The Montessori Toddler

Score: 5/5 Bookmarks

Please note: Workman Publishing sent me a free review copy of this book, but all opinions are my own.

My mother was a Montessori teacher, and I grew up in that environment. But if you had asked me to explain what it was I wouldn’t have been able to articulate it. Cue The Montessori Toddler by Simone Davies. I was sent a review copy by Workman Publishing, and having a two-year-old daughter the timing couldn’t have been more perfect!

I am always looking for ways to help our daughter learn and grow in ways that are fun for her. I recently became curious about Montessori again and wondered what things I could be doing to help set my daughter up to be successful in school and her future life. Simone’s book starts by giving a wonderful introduction to Montessori, what it is, the history, and why it can be so beneficial to toddlers.

In subsequent chapters the book walks you through how to introduce Montessori activities to children, and what actually makes an activity Montessori in the first place. You learn a variety of activities to help with hand-eye coordination, practical life skills, language, arts and crafts etc.

The Montessori Toddler also provides you with tips for setting up Montessori-style spaces for your little one to get the most out of activities and develop some independence.

There is a lot of useful information on setting boundaries on behavior while encouraging children to express and understand their full range of emotions. Along with some tips (that I found extremely useful) on how to encourage particular behavior without using threats, bribes or punishments.

The book wraps up with some real-world examples of families using Montessori at home. These were wonderfully presented and really rounded out the theory you learn in the book.

The Appendix at the back is full of useful resources on helpful things to say to your child, where to find good Montessori materials and furniture, what to look for in a school, a list of Montessori activities for toddlers etc.

In summary, I found this book incredibly informative and useful. Plus it’s designed beautifully and laid out in a way that makes it a real pleasure to read.

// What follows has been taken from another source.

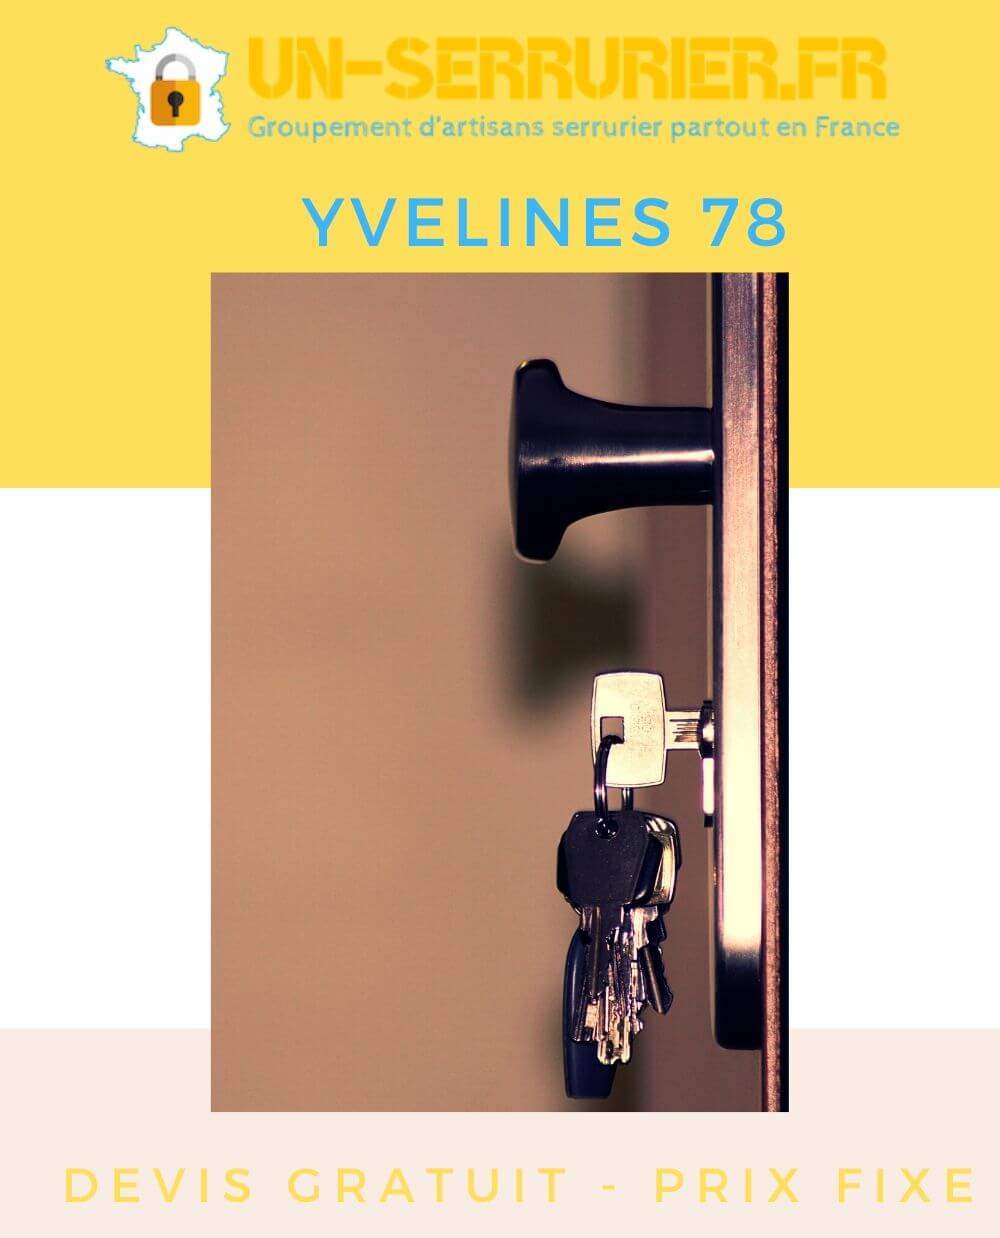 Serruriers Yvelines (78)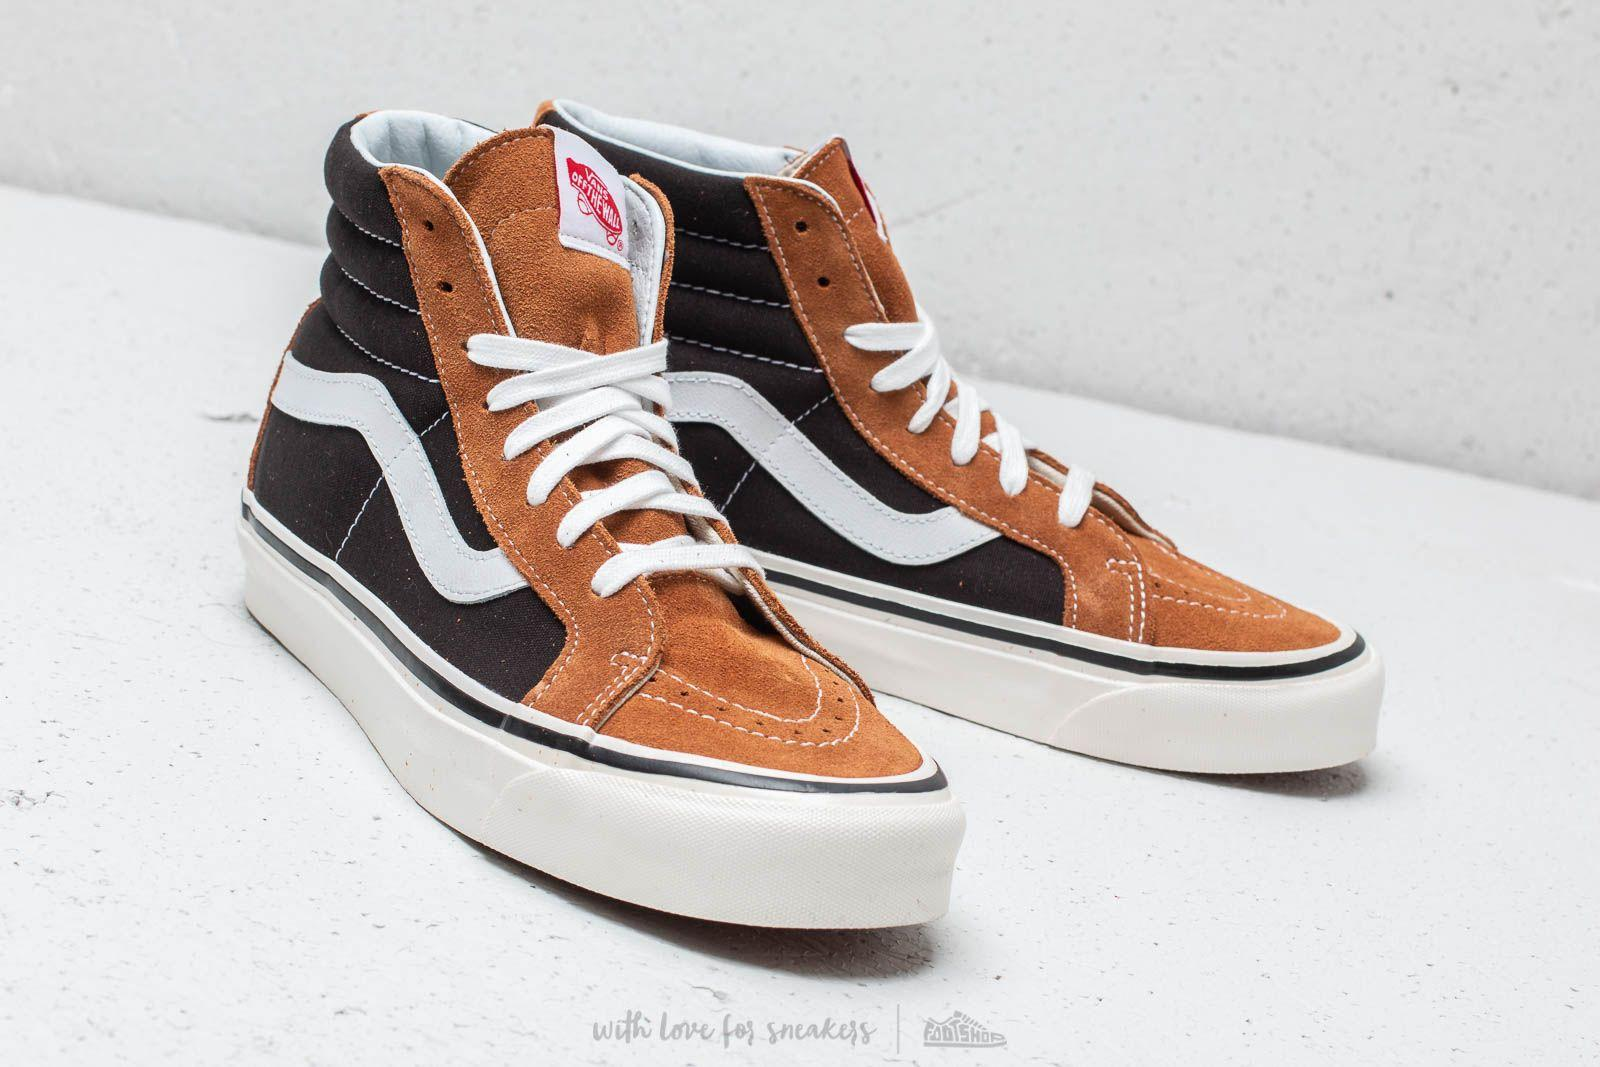 Chaussures Anaheim Factory Sk8 hi 3 38 Dx

I also discovered that the author has a useful blog full of additional resources and articles which you can find at The Montessori Notebook.

Additional Notes:


There seem to be a lot of misconceptions about Montessori and I’ve witnessed people confusing it with Waldorf, which in my opinion couldn’t be more different. Waldorf seems to be more popular here in the Pacific Northwest than anywhere else I’ve ever lived, and each to their own, but it’s not for me. Here are the main differences as I understand them for the younger age groups (please feel free to add your two cents in the comments if you’re well versed in either methodology):


  • Focuses on real-world skills:
    - food preparation
    - cleaning
    - scooping and pouring
    - dressing skills
    - cutting and pasting

  • Children choose their activities, the teacher provides an individual lesson. Then each activity is packed away by the child after use.

  • Children are introduced to language, reading, math and reasoning principles early.

  • Music and art are included each day.

  • Outdoor physical games are designed to increase hand-eye and foot-eye coordination.


  • Make-believe and imagination activities make up a large part of the day.

  • Children are introduced to academic subjects, reading and writing at a much later age (usually six or seven).

  • Most activities are group-based with the teacher leading.

  • Music and art make up a larger part of the curriculum.

  • Large portions of the day are spent outside.

Montessori Equipment

I recently met the founder of MontiKids — a service where you can buy Montessori equipment for home use, based on the age of your child.

We’re onto our second kit with our daughter and not only does she LOVE the well-made pieces but I’ve never seen her engage with any other toys that she has for as long or as diligently. And watching her pack each one up and put it away when she’s ready to move onto something else makes me so incredibly proud! I’m not an affiliate, but I’m happy to tell anyone and everyone about them, I love them so much!